The Retail industry has had to pivot fast this year – having faced early supply chain disruptions, social distancing restrictions due to COVID-19, uncertain demand and falling margins. But the biggest challenge faced was the evolved consumer buying behaviour. Customers were forced to go online, and eCommerce platforms thrived even through the difficult times. Retailers have to continue to cater to this shift in buyer behaviour.
As retailers continue to evolve their capabilities, Woolworths, the Australian chain of grocery stores, recently announced that it has launched new micro automation technology for one of its eCommerce facilities located in Melbourne to speed up the fulfilment of online grocery orders. In 2019 Woolworths had partnered with a US based eGrocery startup, Takeoff Technologies.
Woolworths Automates Dark Store
Woolworths eCommerce floor space spanning across 2,400 sqm is equipped with micro automation technology that allows it to segregate and move groceries from automated storage units that can hold an inventory of 10,000 products and bring them directly to those you pick the orders. The innovative model is designed to make the inventory storage space compact and move high-volume online grocery products to consumers with greater speed, efficiency and accuracy. While grocery products will be picked from automated units, perishables such as fruits, vegetables and meat will continue to be picked up by shop floor workers. Woolworths has employed 50 new employees to fulfil online orders and is expected to fill 100 more vacancies.
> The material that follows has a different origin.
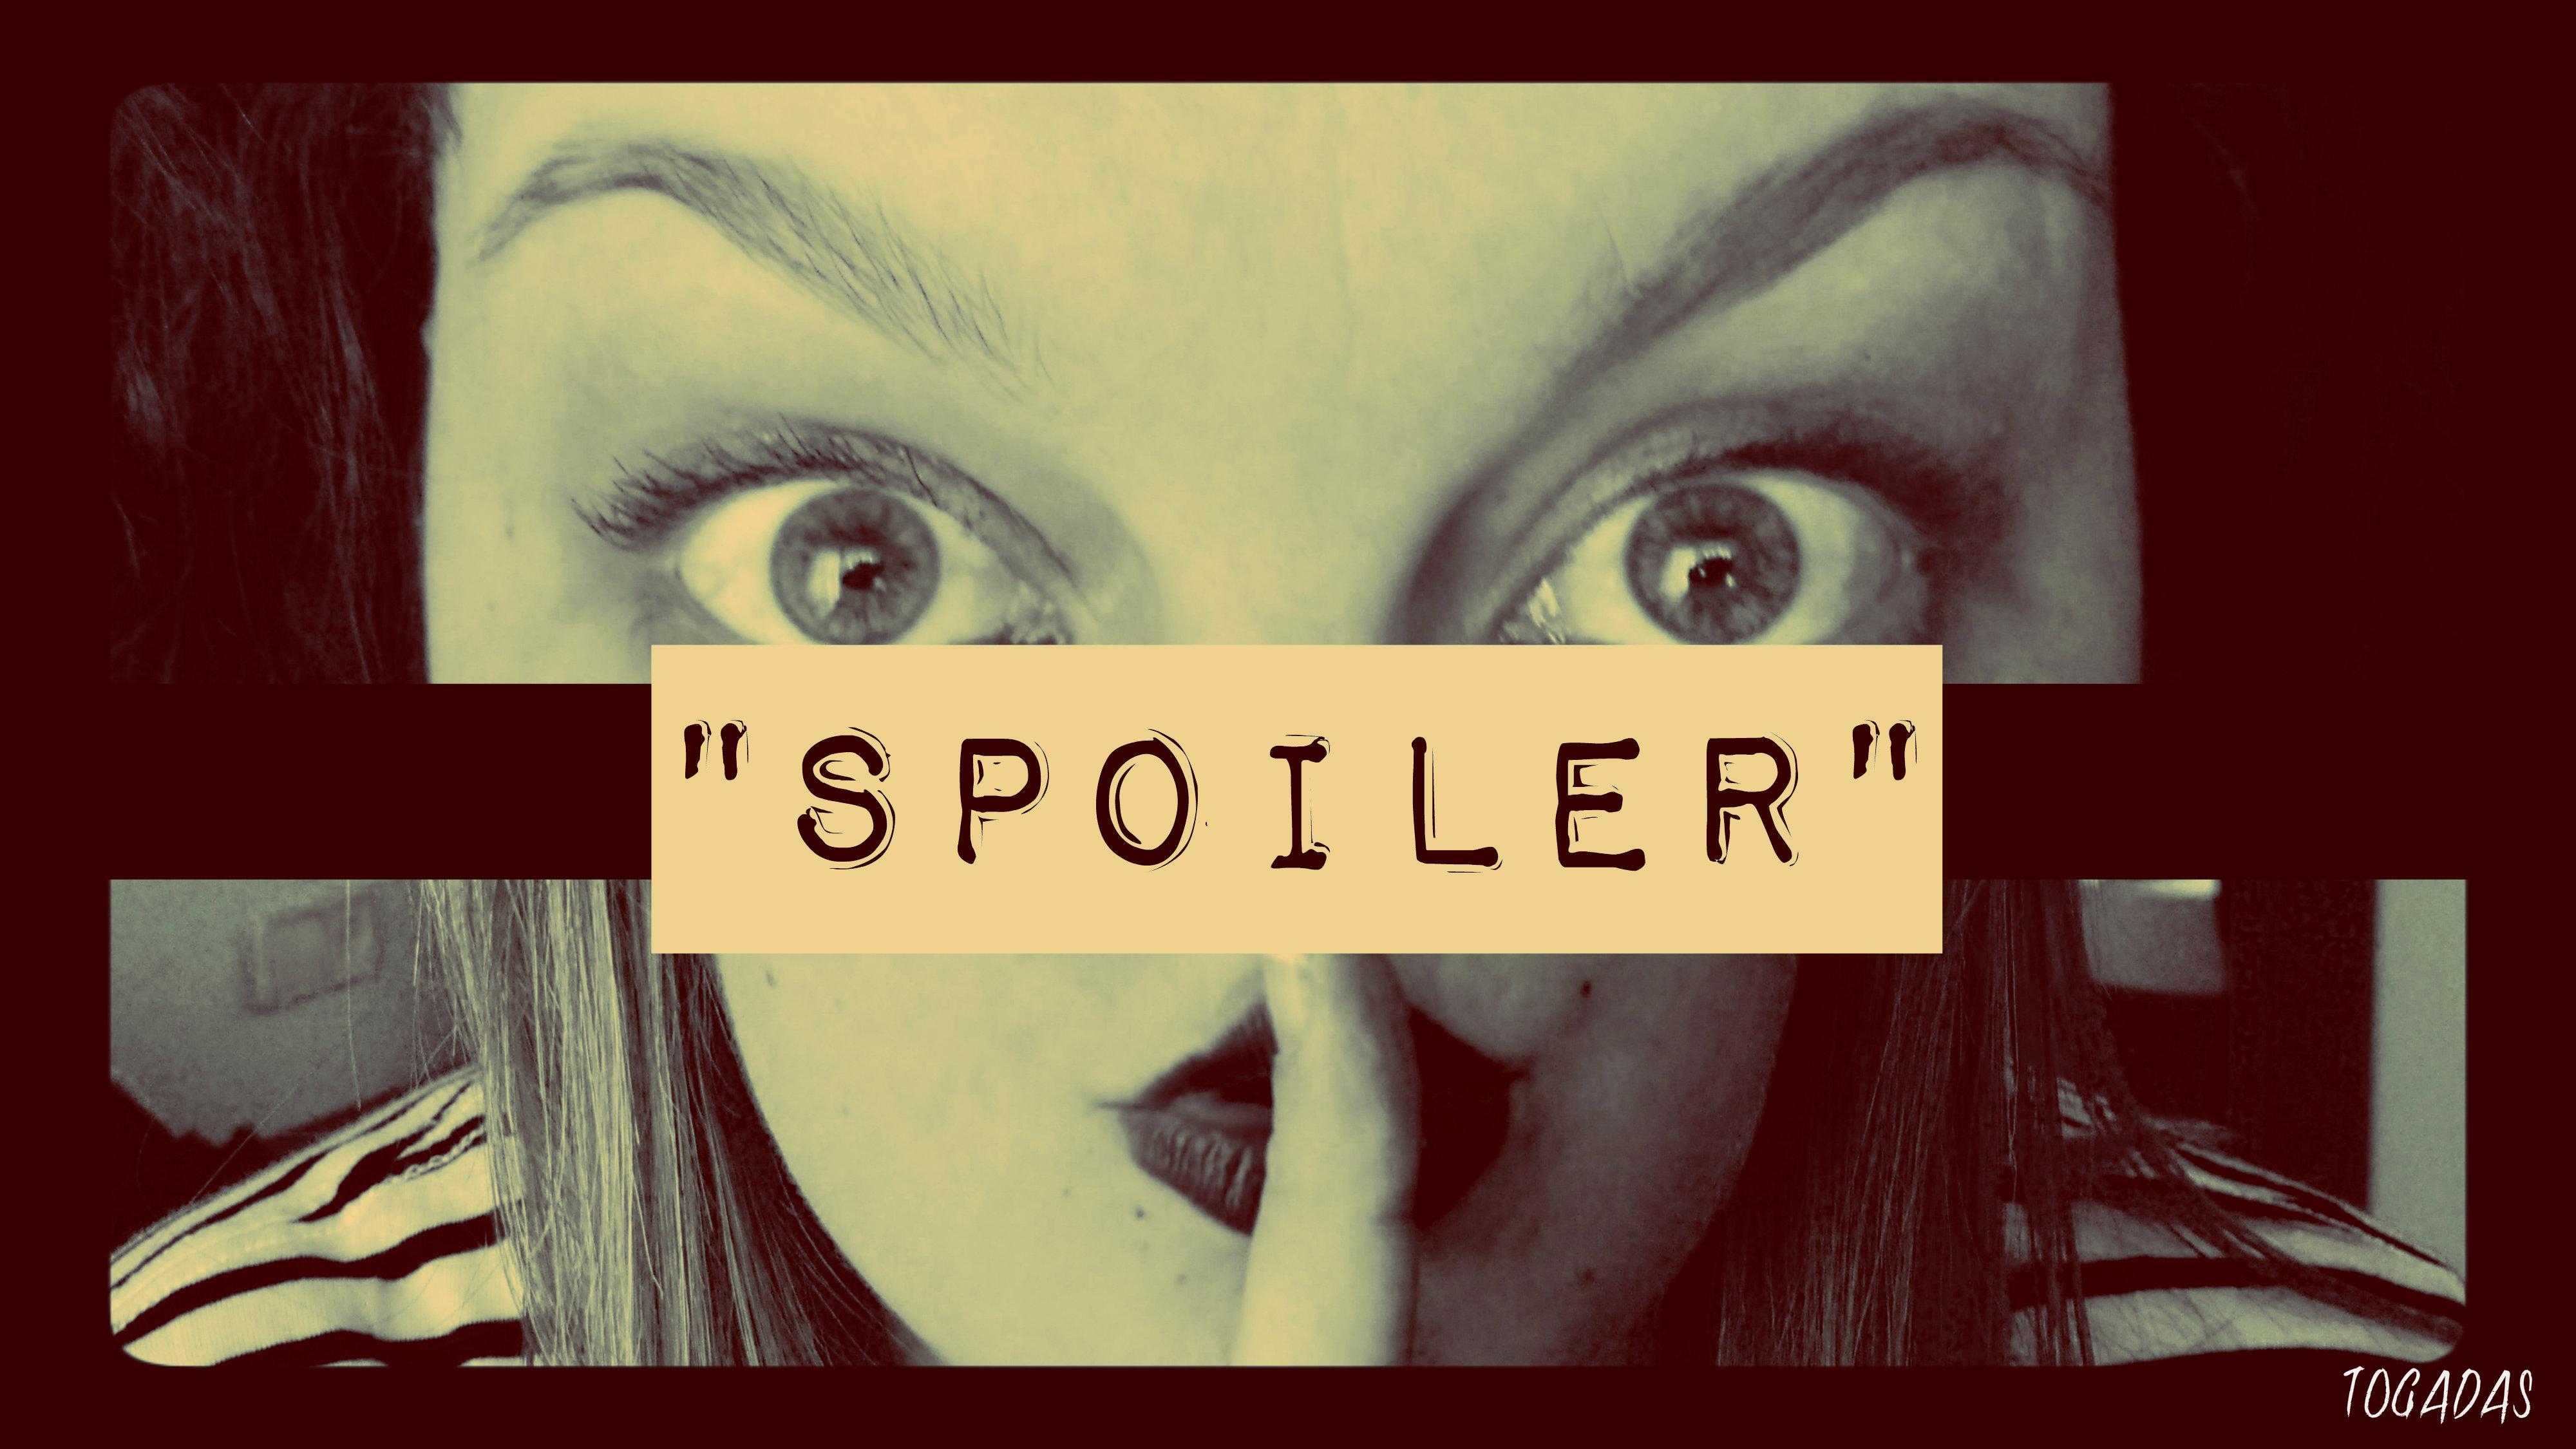 SpoilerFINAL-Togadas-junio16-letrados.diego

“It appears that Woolworths is continuing to use New Zealand to test new technology before introducing it into their much larger Australian market. They are extending the introduction of the technology they first announced for use in their New Zealand online fulfilment centres – the Auckland dark store in November 2019 with a second in Christchurch announced in January 2020,” says Ecosystm Principal Advisor Alan Hesketh. “The Carrum Downs, Melbourne, store will be the first implementation of automation in Australia. Woolworths has announced a third dark store for Wellington in late September 2020 – it would be surprising it was not automated as well.”
Talking about the increase in the use of dark stores, Hesketh sayss, “The challenge with the current model of online stores is the use of expensive retail floor space for picking orders that cannot be used to serve physical customers. With the increase in online sales, accelerated by COVID-19, the volumes are now sufficient in urban areas to make these dark stores profitable. This allows the use of lower-cost, centralised, distribution central space for the dark stores.”
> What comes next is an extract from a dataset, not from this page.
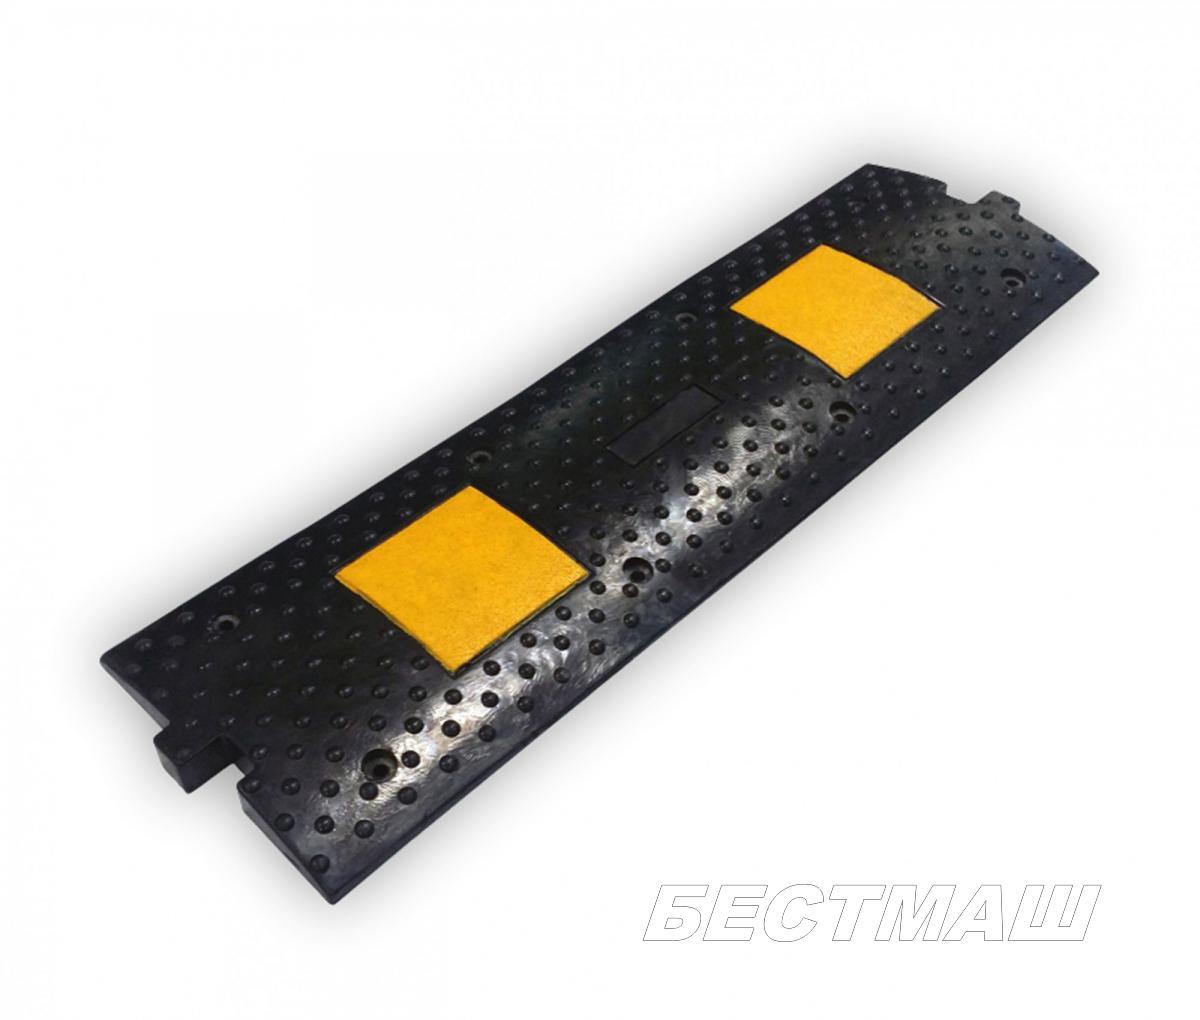 Серединный элемент резина 300*1000 мм

An Example of how Retailers are Pivoting Successfully
Woolworths has been constantly developing their capabilities to improve customer experience and process efficiency. The demand for online products and groceries skyrocketed during COVID-19 which resulted in a temporary shortage of online products and Woolworths had to temporarily stop online ‘Pick up’ and ‘Delivery Now’ orders nationally. To ensure smoother delivery services, they partnered with Sherpa, Drive Yellow, and Uber. Earlier this month, Woolworths announced that six stores in Australia would go completely cashless. Woolworths has around 1,050 stores in Australia which operates on a mix of cash and e-payments.
To keep pace with the online growth, Woolworths automated dark stores will be a potential game changer as they are expected to be able to dispatch online orders five times faster, compared to a standard Woolworths store.
“This increased capacity also means Woolworths’ online offer is less likely to be overwhelmed in the event of another COVID-19 lockdown. This improved access to groceries will be an important benefit to vulnerable members of communities, as well as those customers wary of visiting physical stores,” says Hesketh.
“For their physical stores that support home delivery, Woolworths will now be able to repurpose or release the space used by the pick-and-pack operations. In-store customers will get a better experience without the Woolworths personnel picking orders in the aisles.”